Continued Mr. Gottschalk, "Beyond these two clinical programs, we continue to expand our deep pipeline of precision therapeutic candidates targeting different aspects of the chromatin regulatory system in cancer, including enzymatic inhibitors, transcription factor disruptors and over eight protein degrader programs such as our BRM-selective degrader, ARID1B degrader and other undisclosed programs."

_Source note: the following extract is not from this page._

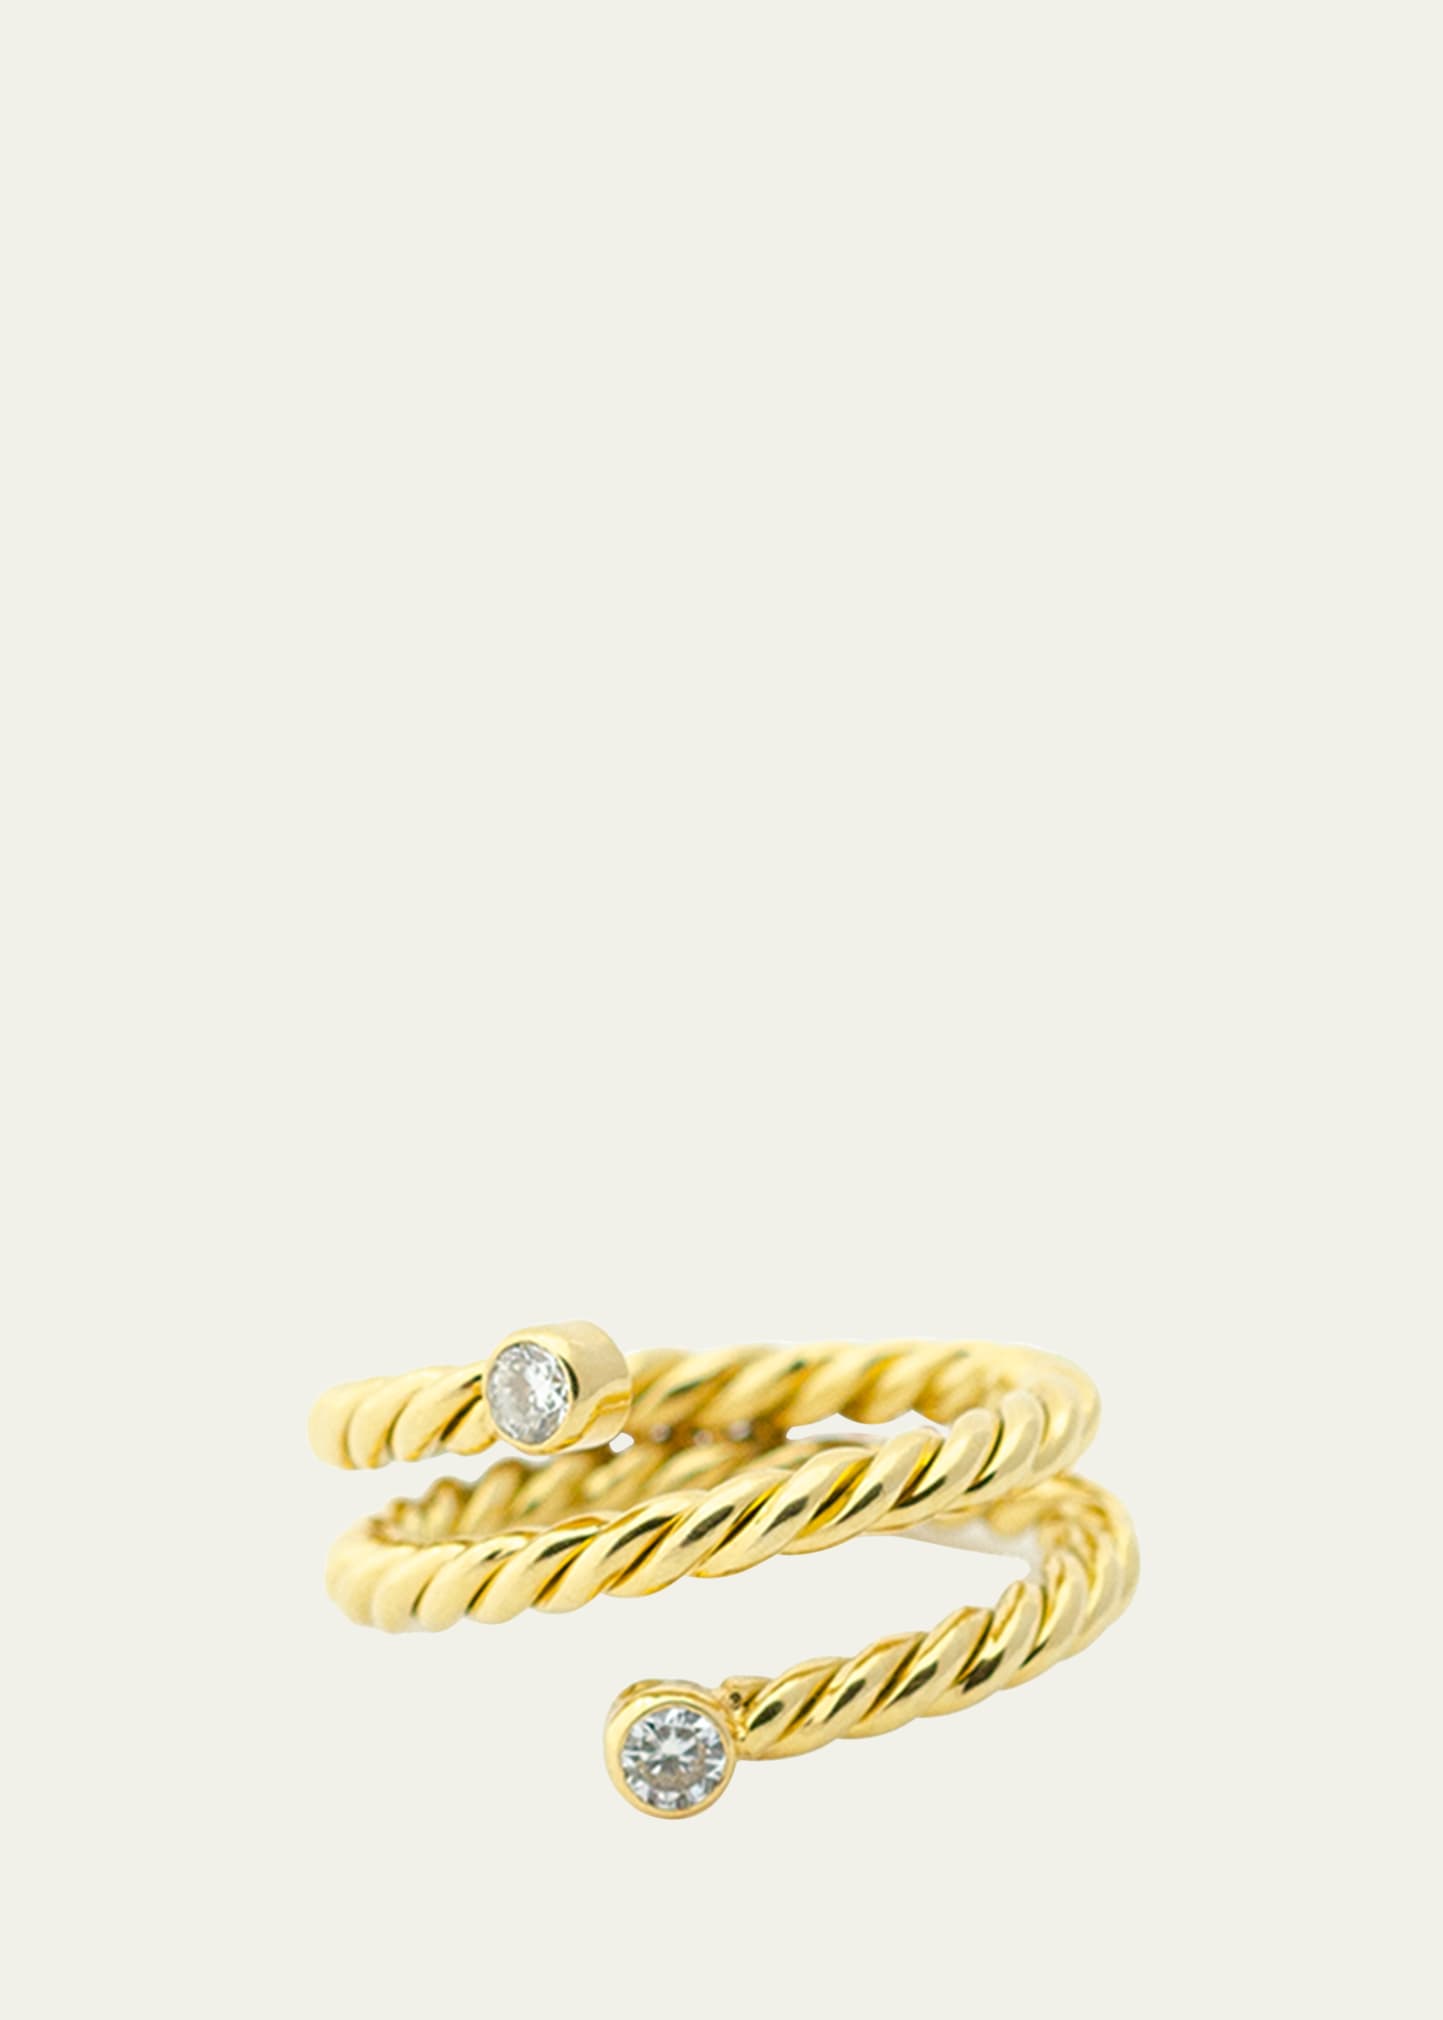 Toi et Moi Hand-Twisted 18K Yellow Gold Diamond Ring, Size 7

Recent Corporate Highlights:

Dosed First Patient with FHD-609. In August, Foghorn announced the dosing of the first patient in its first-in-human clinical trial of FHD-609. FHD-609 is a highly potent, selective, intravenous, protein degrader of BRD9, initially being developed for the treatment of synovial sarcoma with the intention to expand into additional indications, including SMARCB1 deleted tumors. Sites for the phase 1 study have been activated and are currently dosing patients. To learn more about this study, please visit ClinicalTrials.gov.
Participation at the 4th Annual Targeted Protein Degradation Conference. In October 2021, Foghorn presented at the 4th Annual Targeted Protein Degradation Conference providing an overview of the Company’s degrader capabilities and its phase 1 asset FHD-609, including the programs compelling in-vitro and in-vivo profile supporting first-in-human studies. Within Foghorn’s degrader platform, the Company is actively advancing more than eight targeted protein degrader programs including its BRM-selective degrader for BRG1 mutated cancers and its selective ARID1B program for ARID1A mutated cancers which impacts more than 175,000 patients a year. Additional information on the Summit can be found here.
Key Upcoming Milestones:

FHD-286 data. Foghorn expects to have initial data from the Company’s phase 1 studies of FHD-286 in both metastatic uveal melanoma and relapsed/refractory AML and MDS as early as the fourth quarter of 2021.
FHD-609 data. Foghorn expects to have initial data from the Company’s phase 1 study in synovial sarcoma as early as the first half of 2022.
Upcoming Events

4th Annual Evercore ISI HealthCONx Conference, November 30th-December 2nd, 2021
Financial Condition

Foghorn reported cash, cash equivalents and marketable securities of $120.8 million as of September 30, 2021, as compared to $141.3 million as of June 30, 2021, and $185.8 million as of December 31, 2020.